| Exercise directions |
Whatever appears in the data below, copy it exactly.

| Records for the task |

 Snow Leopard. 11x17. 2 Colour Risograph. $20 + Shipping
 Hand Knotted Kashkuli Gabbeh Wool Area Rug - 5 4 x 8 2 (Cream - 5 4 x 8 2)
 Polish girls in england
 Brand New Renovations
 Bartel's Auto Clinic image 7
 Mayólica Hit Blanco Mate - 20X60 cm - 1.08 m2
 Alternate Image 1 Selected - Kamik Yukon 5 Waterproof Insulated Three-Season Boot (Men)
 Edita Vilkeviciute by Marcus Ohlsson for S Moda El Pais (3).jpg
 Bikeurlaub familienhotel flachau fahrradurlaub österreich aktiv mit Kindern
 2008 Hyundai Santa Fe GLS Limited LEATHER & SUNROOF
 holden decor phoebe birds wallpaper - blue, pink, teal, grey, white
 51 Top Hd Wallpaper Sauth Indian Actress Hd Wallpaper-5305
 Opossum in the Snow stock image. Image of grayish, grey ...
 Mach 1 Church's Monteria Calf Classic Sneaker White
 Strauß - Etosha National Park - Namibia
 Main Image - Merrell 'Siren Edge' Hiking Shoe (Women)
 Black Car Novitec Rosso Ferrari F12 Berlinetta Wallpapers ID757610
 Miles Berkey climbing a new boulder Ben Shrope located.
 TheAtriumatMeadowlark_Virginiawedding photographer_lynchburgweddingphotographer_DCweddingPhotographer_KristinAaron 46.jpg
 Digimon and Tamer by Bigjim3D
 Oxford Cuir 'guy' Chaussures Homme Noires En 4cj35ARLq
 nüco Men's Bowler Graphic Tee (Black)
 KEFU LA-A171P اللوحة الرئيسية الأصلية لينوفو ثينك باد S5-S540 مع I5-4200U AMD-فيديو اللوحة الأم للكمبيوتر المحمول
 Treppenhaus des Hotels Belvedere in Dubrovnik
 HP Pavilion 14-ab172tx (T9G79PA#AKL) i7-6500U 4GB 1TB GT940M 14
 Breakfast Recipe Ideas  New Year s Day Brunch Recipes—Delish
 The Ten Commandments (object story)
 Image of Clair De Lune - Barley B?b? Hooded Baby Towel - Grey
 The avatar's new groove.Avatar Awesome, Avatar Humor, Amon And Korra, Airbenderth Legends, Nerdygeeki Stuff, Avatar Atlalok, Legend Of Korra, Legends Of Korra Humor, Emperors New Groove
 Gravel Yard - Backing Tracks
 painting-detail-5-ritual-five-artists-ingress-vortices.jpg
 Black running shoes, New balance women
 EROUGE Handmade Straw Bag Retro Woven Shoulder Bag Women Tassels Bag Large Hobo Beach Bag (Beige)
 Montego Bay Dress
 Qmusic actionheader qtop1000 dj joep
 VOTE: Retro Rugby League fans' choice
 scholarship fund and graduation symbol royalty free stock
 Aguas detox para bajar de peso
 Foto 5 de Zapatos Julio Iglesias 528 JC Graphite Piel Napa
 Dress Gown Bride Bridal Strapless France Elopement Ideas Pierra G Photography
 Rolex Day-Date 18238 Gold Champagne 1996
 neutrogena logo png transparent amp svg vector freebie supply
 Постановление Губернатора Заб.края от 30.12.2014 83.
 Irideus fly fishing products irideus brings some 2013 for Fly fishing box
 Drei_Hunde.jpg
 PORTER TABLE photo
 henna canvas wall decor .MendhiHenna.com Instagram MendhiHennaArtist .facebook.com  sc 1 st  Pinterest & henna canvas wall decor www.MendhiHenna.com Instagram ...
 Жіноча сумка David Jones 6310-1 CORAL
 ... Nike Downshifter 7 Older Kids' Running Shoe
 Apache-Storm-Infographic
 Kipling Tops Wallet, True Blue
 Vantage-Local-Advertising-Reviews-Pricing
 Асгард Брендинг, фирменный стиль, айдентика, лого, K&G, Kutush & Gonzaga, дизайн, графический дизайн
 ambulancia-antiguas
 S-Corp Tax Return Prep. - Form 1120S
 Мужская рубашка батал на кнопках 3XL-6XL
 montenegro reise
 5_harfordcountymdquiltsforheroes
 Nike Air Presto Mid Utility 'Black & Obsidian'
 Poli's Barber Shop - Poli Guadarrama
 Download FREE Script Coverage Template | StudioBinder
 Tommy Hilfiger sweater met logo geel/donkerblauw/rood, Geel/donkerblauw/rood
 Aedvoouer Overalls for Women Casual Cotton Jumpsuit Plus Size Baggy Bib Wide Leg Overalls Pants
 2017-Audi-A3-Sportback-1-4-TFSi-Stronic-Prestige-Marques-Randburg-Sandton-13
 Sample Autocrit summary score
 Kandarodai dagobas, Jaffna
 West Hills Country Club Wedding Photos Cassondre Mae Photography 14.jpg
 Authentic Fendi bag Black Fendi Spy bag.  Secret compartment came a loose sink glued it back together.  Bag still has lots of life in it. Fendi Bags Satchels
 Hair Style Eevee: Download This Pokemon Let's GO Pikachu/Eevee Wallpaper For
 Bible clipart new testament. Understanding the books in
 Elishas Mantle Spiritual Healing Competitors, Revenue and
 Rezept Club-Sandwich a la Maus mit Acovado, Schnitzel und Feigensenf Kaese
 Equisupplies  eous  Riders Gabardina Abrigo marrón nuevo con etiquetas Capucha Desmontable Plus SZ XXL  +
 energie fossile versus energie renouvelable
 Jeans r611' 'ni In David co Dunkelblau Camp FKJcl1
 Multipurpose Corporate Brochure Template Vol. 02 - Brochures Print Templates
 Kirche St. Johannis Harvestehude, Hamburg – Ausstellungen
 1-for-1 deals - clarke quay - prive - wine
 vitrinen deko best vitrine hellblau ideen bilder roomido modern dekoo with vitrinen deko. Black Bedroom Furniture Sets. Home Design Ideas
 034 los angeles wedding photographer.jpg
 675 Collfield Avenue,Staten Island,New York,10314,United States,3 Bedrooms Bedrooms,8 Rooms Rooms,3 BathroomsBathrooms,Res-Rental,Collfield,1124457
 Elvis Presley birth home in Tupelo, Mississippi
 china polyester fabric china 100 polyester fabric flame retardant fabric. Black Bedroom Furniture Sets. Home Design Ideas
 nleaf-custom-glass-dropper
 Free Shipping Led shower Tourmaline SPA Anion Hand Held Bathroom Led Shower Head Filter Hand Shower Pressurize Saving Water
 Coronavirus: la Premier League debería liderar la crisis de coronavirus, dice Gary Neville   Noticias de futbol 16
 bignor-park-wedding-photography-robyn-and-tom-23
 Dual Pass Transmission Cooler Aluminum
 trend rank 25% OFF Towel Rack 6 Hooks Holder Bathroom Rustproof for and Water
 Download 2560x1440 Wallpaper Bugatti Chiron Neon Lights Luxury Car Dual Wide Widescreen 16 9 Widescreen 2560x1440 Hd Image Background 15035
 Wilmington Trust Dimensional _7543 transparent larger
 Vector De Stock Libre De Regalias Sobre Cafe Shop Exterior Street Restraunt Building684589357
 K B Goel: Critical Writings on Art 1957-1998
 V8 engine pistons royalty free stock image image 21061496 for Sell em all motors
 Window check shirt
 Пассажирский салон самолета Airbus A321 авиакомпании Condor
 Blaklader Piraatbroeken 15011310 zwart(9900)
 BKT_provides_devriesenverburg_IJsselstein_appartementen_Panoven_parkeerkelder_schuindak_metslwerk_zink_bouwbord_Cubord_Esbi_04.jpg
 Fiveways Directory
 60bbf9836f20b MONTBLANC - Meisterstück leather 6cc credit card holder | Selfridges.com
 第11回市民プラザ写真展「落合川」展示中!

| Task answer |
 Snow Leopard. 11x17. 2 Colour Risograph. $20 + Shipping
 Hand Knotted Kashkuli Gabbeh Wool Area Rug - 5 4 x 8 2 (Cream - 5 4 x 8 2)
 Polish girls in england
 Brand New Renovations
 Bartel's Auto Clinic image 7
 Mayólica Hit Blanco Mate - 20X60 cm - 1.08 m2
 Alternate Image 1 Selected - Kamik Yukon 5 Waterproof Insulated Three-Season Boot (Men)
 Edita Vilkeviciute by Marcus Ohlsson for S Moda El Pais (3).jpg
 Bikeurlaub familienhotel flachau fahrradurlaub österreich aktiv mit Kindern
 2008 Hyundai Santa Fe GLS Limited LEATHER & SUNROOF
 holden decor phoebe birds wallpaper - blue, pink, teal, grey, white
 51 Top Hd Wallpaper Sauth Indian Actress Hd Wallpaper-5305
 Opossum in the Snow stock image. Image of grayish, grey ...
 Mach 1 Church's Monteria Calf Classic Sneaker White
 Strauß - Etosha National Park - Namibia
 Main Image - Merrell 'Siren Edge' Hiking Shoe (Women)
 Black Car Novitec Rosso Ferrari F12 Berlinetta Wallpapers ID757610
 Miles Berkey climbing a new boulder Ben Shrope located.
 TheAtriumatMeadowlark_Virginiawedding photographer_lynchburgweddingphotographer_DCweddingPhotographer_KristinAaron 46.jpg
 Digimon and Tamer by Bigjim3D
 Oxford Cuir 'guy' Chaussures Homme Noires En 4cj35ARLq
 nüco Men's Bowler Graphic Tee (Black)
 KEFU LA-A171P اللوحة الرئيسية الأصلية لينوفو ثينك باد S5-S540 مع I5-4200U AMD-فيديو اللوحة الأم للكمبيوتر المحمول
 Treppenhaus des Hotels Belvedere in Dubrovnik
 HP Pavilion 14-ab172tx (T9G79PA#AKL) i7-6500U 4GB 1TB GT940M 14
 Breakfast Recipe Ideas  New Year s Day Brunch Recipes—Delish
 The Ten Commandments (object story)
 Image of Clair De Lune - Barley B?b? Hooded Baby Towel - Grey
 The avatar's new groove.Avatar Awesome, Avatar Humor, Amon And Korra, Airbenderth Legends, Nerdygeeki Stuff, Avatar Atlalok, Legend Of Korra, Legends Of Korra Humor, Emperors New Groove
 Gravel Yard - Backing Tracks
 painting-detail-5-ritual-five-artists-ingress-vortices.jpg
 Black running shoes, New balance women
 EROUGE Handmade Straw Bag Retro Woven Shoulder Bag Women Tassels Bag Large Hobo Beach Bag (Beige)
 Montego Bay Dress
 Qmusic actionheader qtop1000 dj joep
 VOTE: Retro Rugby League fans' choice
 scholarship fund and graduation symbol royalty free stock
 Aguas detox para bajar de peso
 Foto 5 de Zapatos Julio Iglesias 528 JC Graphite Piel Napa
 Dress Gown Bride Bridal Strapless France Elopement Ideas Pierra G Photography
 Rolex Day-Date 18238 Gold Champagne 1996
 neutrogena logo png transparent amp svg vector freebie supply
 Постановление Губернатора Заб.края от 30.12.2014 83.
 Irideus fly fishing products irideus brings some 2013 for Fly fishing box
 Drei_Hunde.jpg
 PORTER TABLE photo
 henna canvas wall decor .MendhiHenna.com Instagram MendhiHennaArtist .facebook.com  sc 1 st  Pinterest & henna canvas wall decor www.MendhiHenna.com Instagram ...
 Жіноча сумка David Jones 6310-1 CORAL
 ... Nike Downshifter 7 Older Kids' Running Shoe
 Apache-Storm-Infographic
 Kipling Tops Wallet, True Blue
 Vantage-Local-Advertising-Reviews-Pricing
 Асгард Брендинг, фирменный стиль, айдентика, лого, K&G, Kutush & Gonzaga, дизайн, графический дизайн
 ambulancia-antiguas
 S-Corp Tax Return Prep. - Form 1120S
 Мужская рубашка батал на кнопках 3XL-6XL
 montenegro reise
 5_harfordcountymdquiltsforheroes
 Nike Air Presto Mid Utility 'Black & Obsidian'
 Poli's Barber Shop - Poli Guadarrama
 Download FREE Script Coverage Template | StudioBinder
 Tommy Hilfiger sweater met logo geel/donkerblauw/rood, Geel/donkerblauw/rood
 Aedvoouer Overalls for Women Casual Cotton Jumpsuit Plus Size Baggy Bib Wide Leg Overalls Pants
 2017-Audi-A3-Sportback-1-4-TFSi-Stronic-Prestige-Marques-Randburg-Sandton-13
 Sample Autocrit summary score
 Kandarodai dagobas, Jaffna
 West Hills Country Club Wedding Photos Cassondre Mae Photography 14.jpg
 Authentic Fendi bag Black Fendi Spy bag.  Secret compartment came a loose sink glued it back together.  Bag still has lots of life in it. Fendi Bags Satchels
 Hair Style Eevee: Download This Pokemon Let's GO Pikachu/Eevee Wallpaper For
 Bible clipart new testament. Understanding the books in
 Elishas Mantle Spiritual Healing Competitors, Revenue and
 Rezept Club-Sandwich a la Maus mit Acovado, Schnitzel und Feigensenf Kaese
 Equisupplies  eous  Riders Gabardina Abrigo marrón nuevo con etiquetas Capucha Desmontable Plus SZ XXL  +
 energie fossile versus energie renouvelable
 Jeans r611' 'ni In David co Dunkelblau Camp FKJcl1
 Multipurpose Corporate Brochure Template Vol. 02 - Brochures Print Templates
 Kirche St. Johannis Harvestehude, Hamburg – Ausstellungen
 1-for-1 deals - clarke quay - prive - wine
 vitrinen deko best vitrine hellblau ideen bilder roomido modern dekoo with vitrinen deko. Black Bedroom Furniture Sets. Home Design Ideas
 034 los angeles wedding photographer.jpg
 675 Collfield Avenue,Staten Island,New York,10314,United States,3 Bedrooms Bedrooms,8 Rooms Rooms,3 BathroomsBathrooms,Res-Rental,Collfield,1124457
 Elvis Presley birth home in Tupelo, Mississippi
 china polyester fabric china 100 polyester fabric flame retardant fabric. Black Bedroom Furniture Sets. Home Design Ideas
 nleaf-custom-glass-dropper
 Free Shipping Led shower Tourmaline SPA Anion Hand Held Bathroom Led Shower Head Filter Hand Shower Pressurize Saving Water
 Coronavirus: la Premier League debería liderar la crisis de coronavirus, dice Gary Neville   Noticias de futbol 16
 bignor-park-wedding-photography-robyn-and-tom-23
 Dual Pass Transmission Cooler Aluminum
 trend rank 25% OFF Towel Rack 6 Hooks Holder Bathroom Rustproof for and Water
 Download 2560x1440 Wallpaper Bugatti Chiron Neon Lights Luxury Car Dual Wide Widescreen 16 9 Widescreen 2560x1440 Hd Image Background 15035
 Wilmington Trust Dimensional _7543 transparent larger
 Vector De Stock Libre De Regalias Sobre Cafe Shop Exterior Street Restraunt Building684589357
 K B Goel: Critical Writings on Art 1957-1998
 V8 engine pistons royalty free stock image image 21061496 for Sell em all motors
 Window check shirt
 Пассажирский салон самолета Airbus A321 авиакомпании Condor
 Blaklader Piraatbroeken 15011310 zwart(9900)
 BKT_provides_devriesenverburg_IJsselstein_appartementen_Panoven_parkeerkelder_schuindak_metslwerk_zink_bouwbord_Cubord_Esbi_04.jpg
 Fiveways Directory
 60bbf9836f20b MONTBLANC - Meisterstück leather 6cc credit card holder | Selfridges.com
 第11回市民プラザ写真展「落合川」展示中!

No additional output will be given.